Amusingly, we have gone through 3 layers of indirection to achieve something which can be done easily in Fortran:

``````   subroutine mf_saxpy( x, y, a )
real(sp), intent(in) :: x(:)
real(sp), intent(inout) :: y(:)
real(sp), intent(in), optional :: a

real(sp) :: a_

a_ = 1.0
if (present(a)) a_ = a

y = y + a_ * x
end subroutine
``````

@ivanpribec , what you show with your `f18_saxpy` wrapper is the cleanest Fortran standard-based option to work with the commonly recommended `assumed shape` dummy argument approach.

“any other possibilities” will be non-standard, you’ve already shown one though the same approach is presumably viable with `c_loc` and `c_sizeof`.

It is unfortunate the abstraction at this level is inadequate to some e.g., it doesn’t guarantee AVX instructions but the user wants to enforce that in certain situations.

Thank you @FortranFan for the confirmation. One concern I have is in the statement

``````incx = (int) ( x->dim[0].sm / x->elem_len );
``````

The `elem_len` is the storage size in bytes of an array element, while `sm` is the spacing between elements (the difference in bytes between successive elements). I presume that for intrinsic types (integer, real, complex), the available processors don’t have any padding between array elements. However I have been warned that for derived types this might not be that case. Is this interpretation correct?

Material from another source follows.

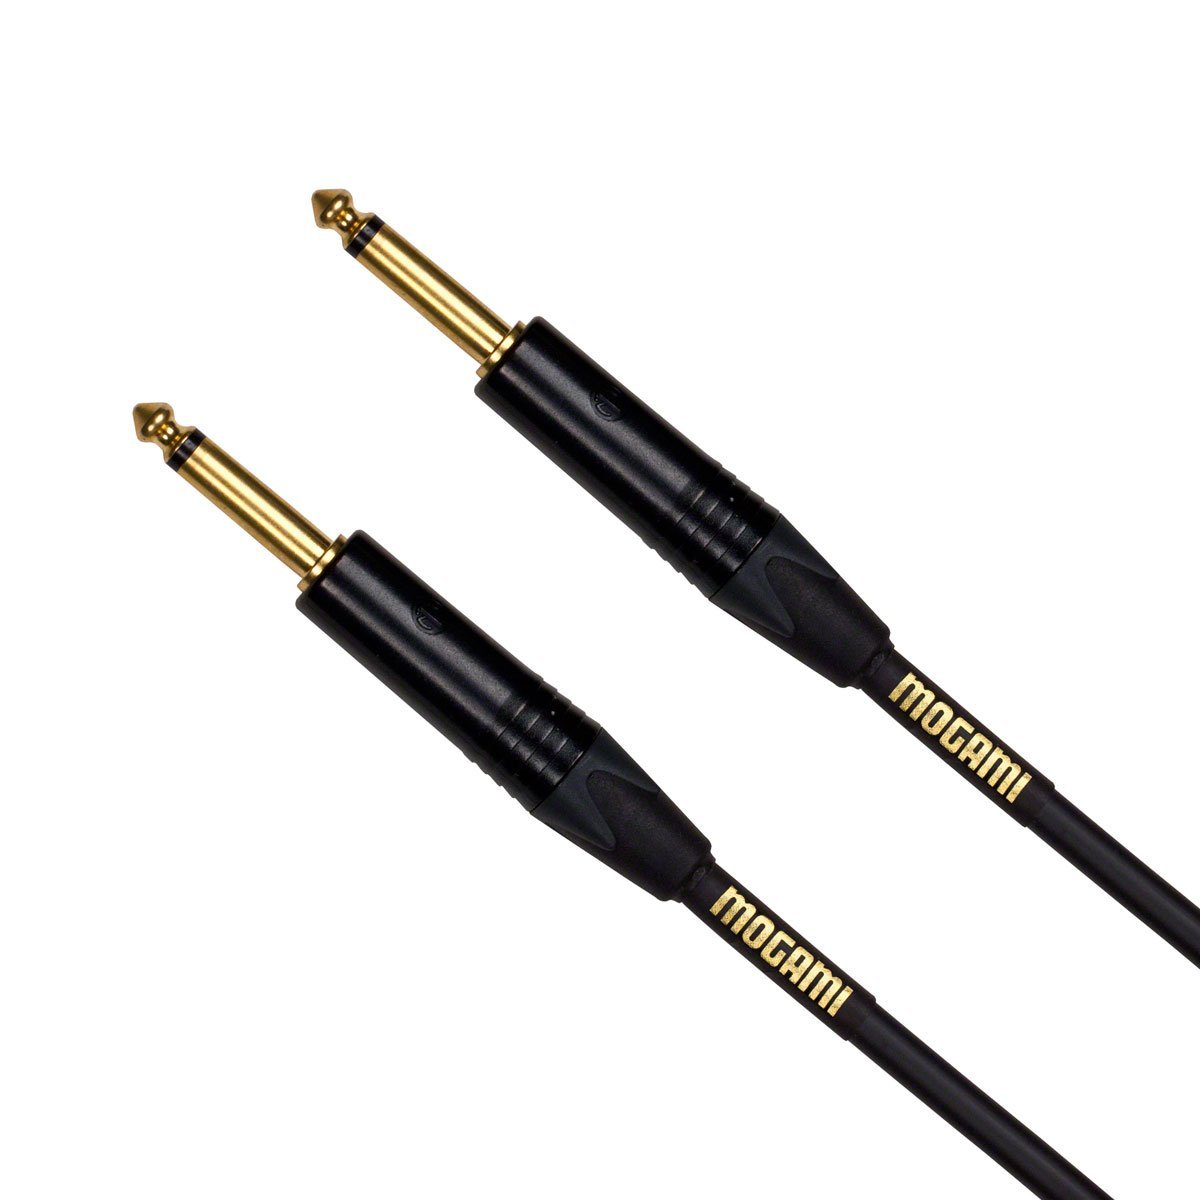 Mogami Gold 18 Foot Instrument Cable

It feels a bit odd, the standard would allow you to do something in C, but have no way to do it in Fortran. It feels almost if a bar was set, so that only users with sufficient knowledge of C (and hence a good understanding of pointers) would be able to tinker with strided access. The average Fortran programmer on the other hand, has to rely on the compiler making a contiguouos copy to get the job done.

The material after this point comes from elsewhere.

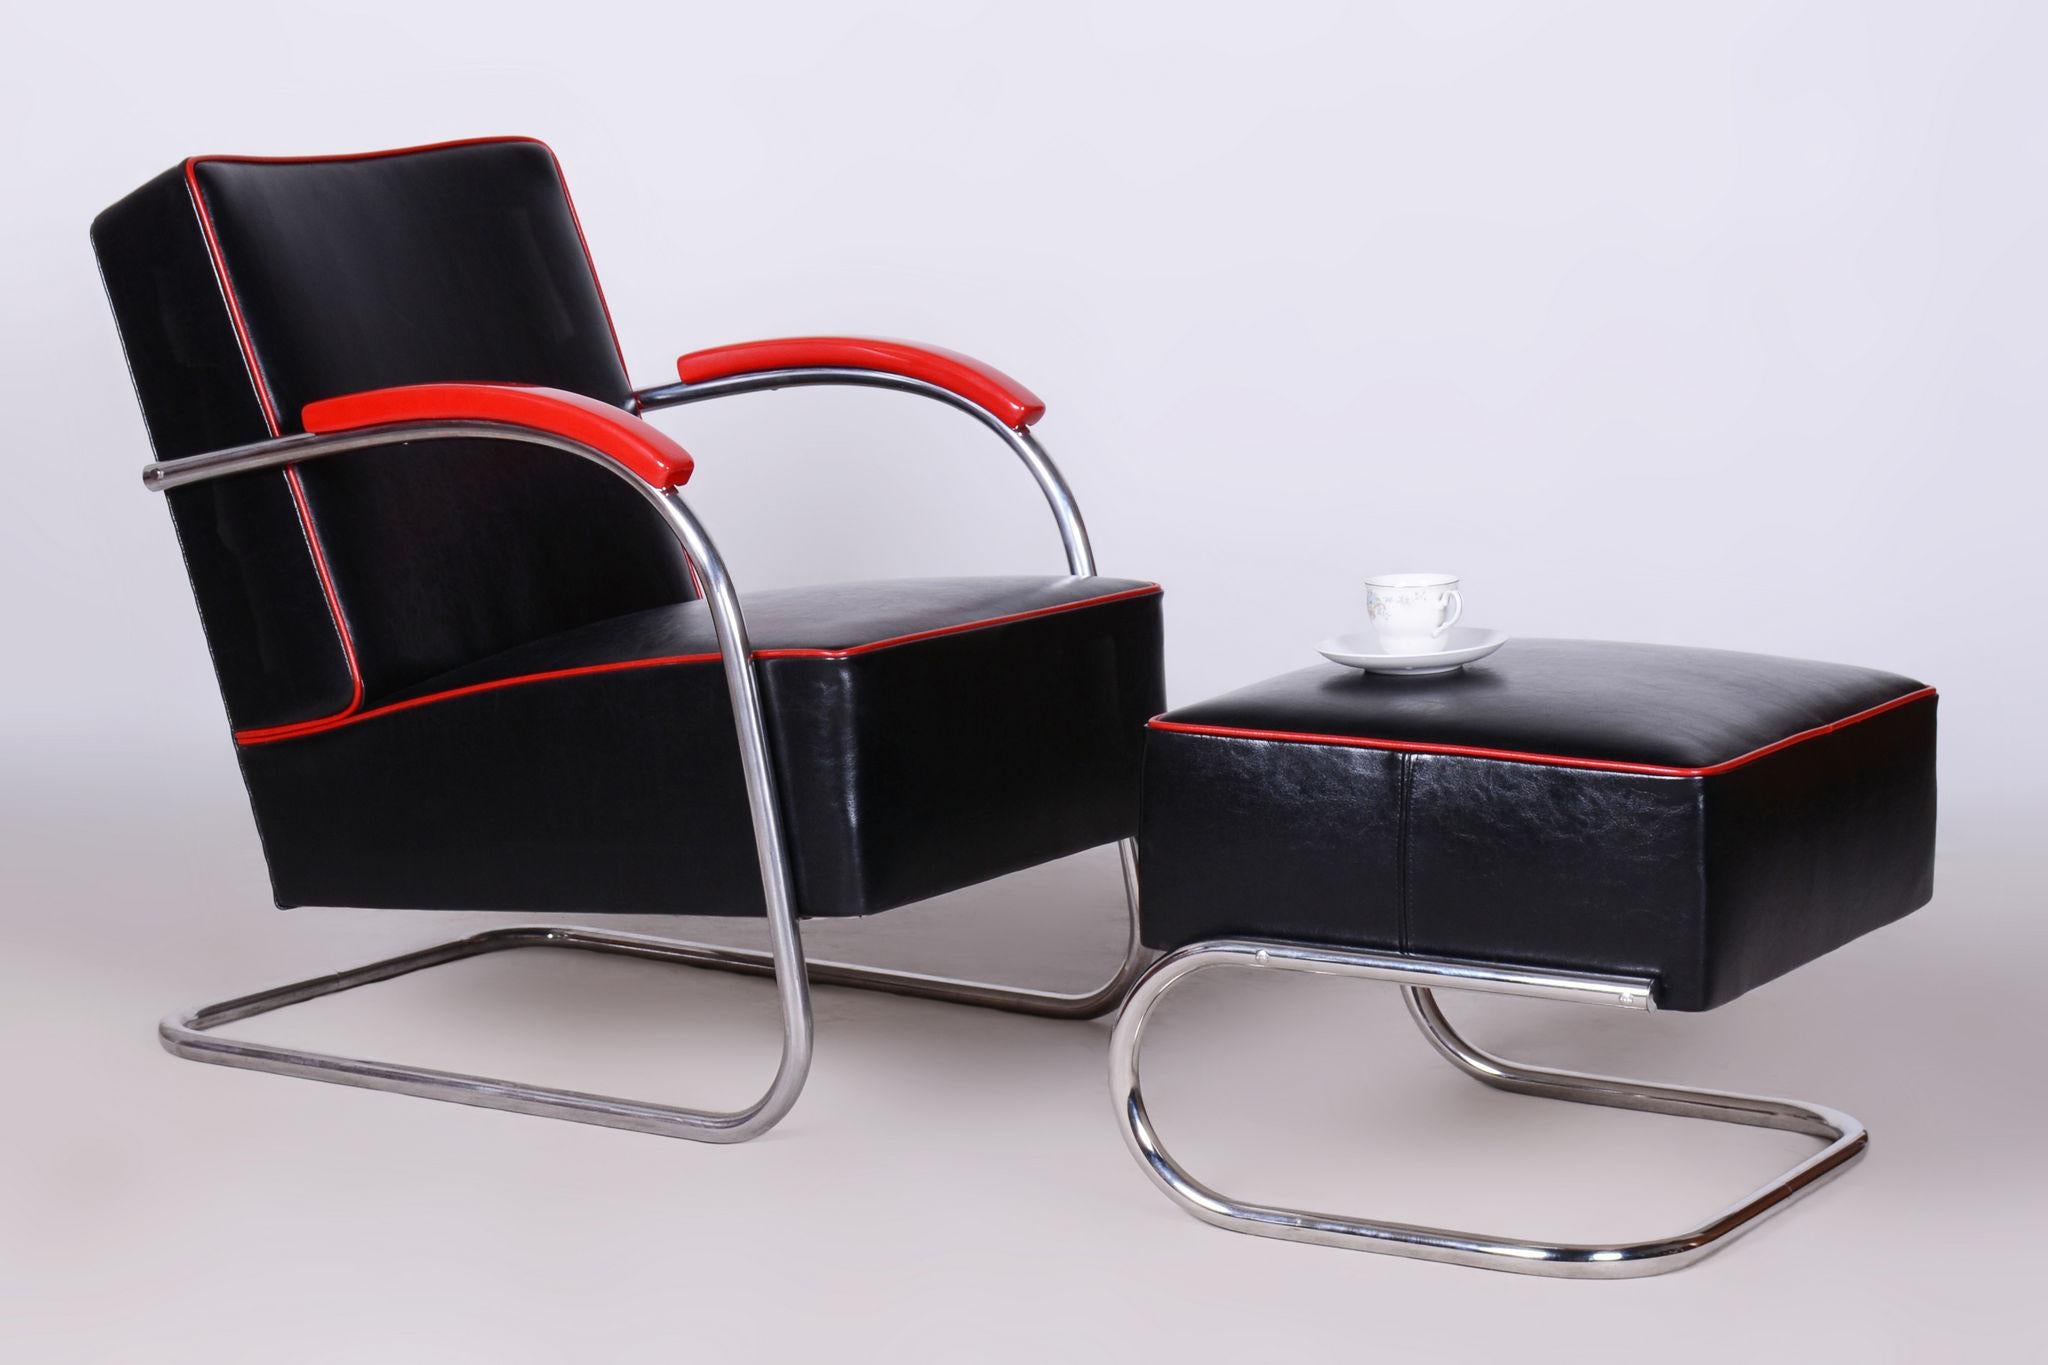 Restored Bauhaus Armchair with Foot Stool, by Mücke-Melder, Steel, Czech, 1930s In Good Condition For Sale In Horomerice, CZ

Good question, one would have to grok the compiler “manuals” on storage semantics and conformance vis-a-vis the standard, etc. to be absolutely sure but you’re generally right - padding shouldn’t be a factor with intrinsic types.

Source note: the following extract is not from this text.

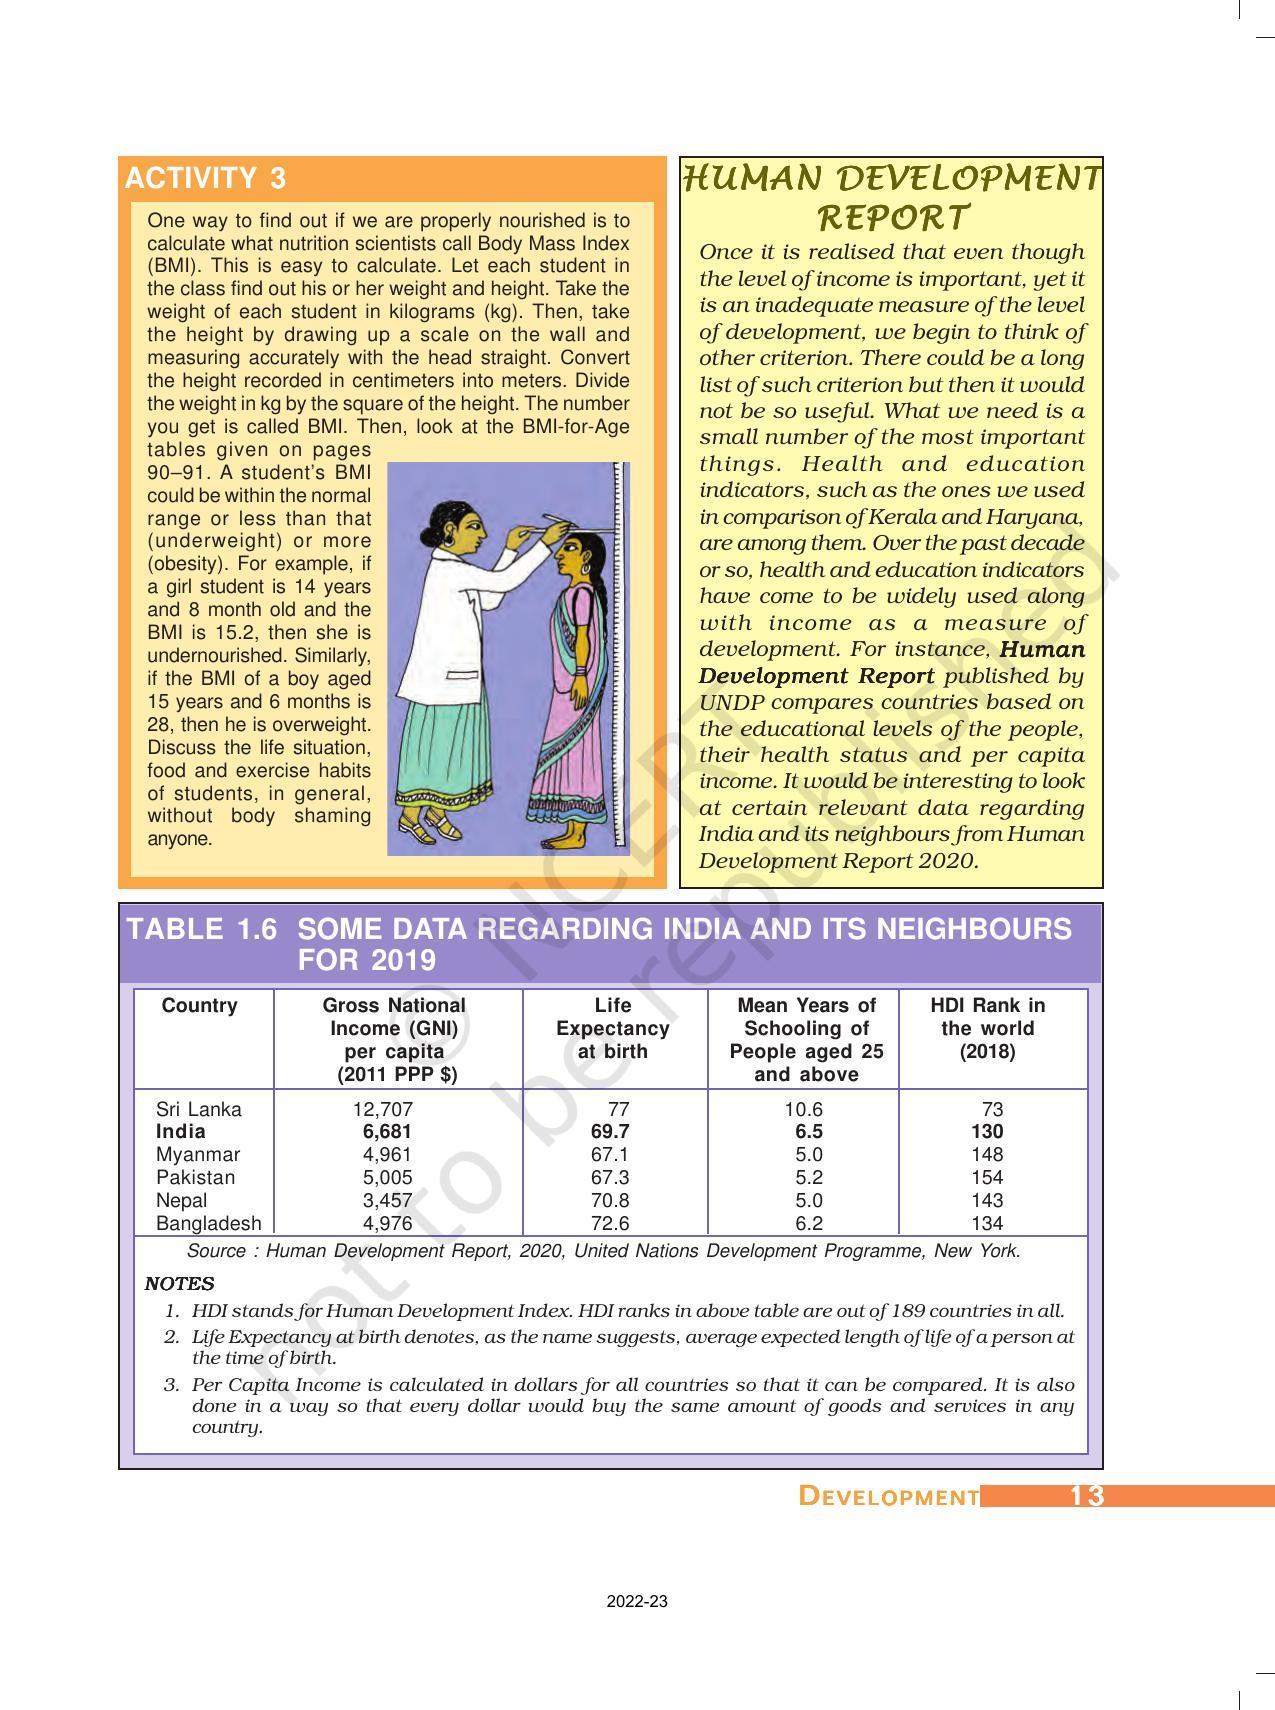 NCERT Book for Class 10 Economics Chapter 1 Development - Page 12

Moreover with interoperable derived types also where each type component is by itself interoperable with the companion C processor, what you show with the relationship between the memory stride and the storage size in bytes of each element of the object should also hold i.e., any padding should get factored appropriately into the storage size provided by the C descriptor.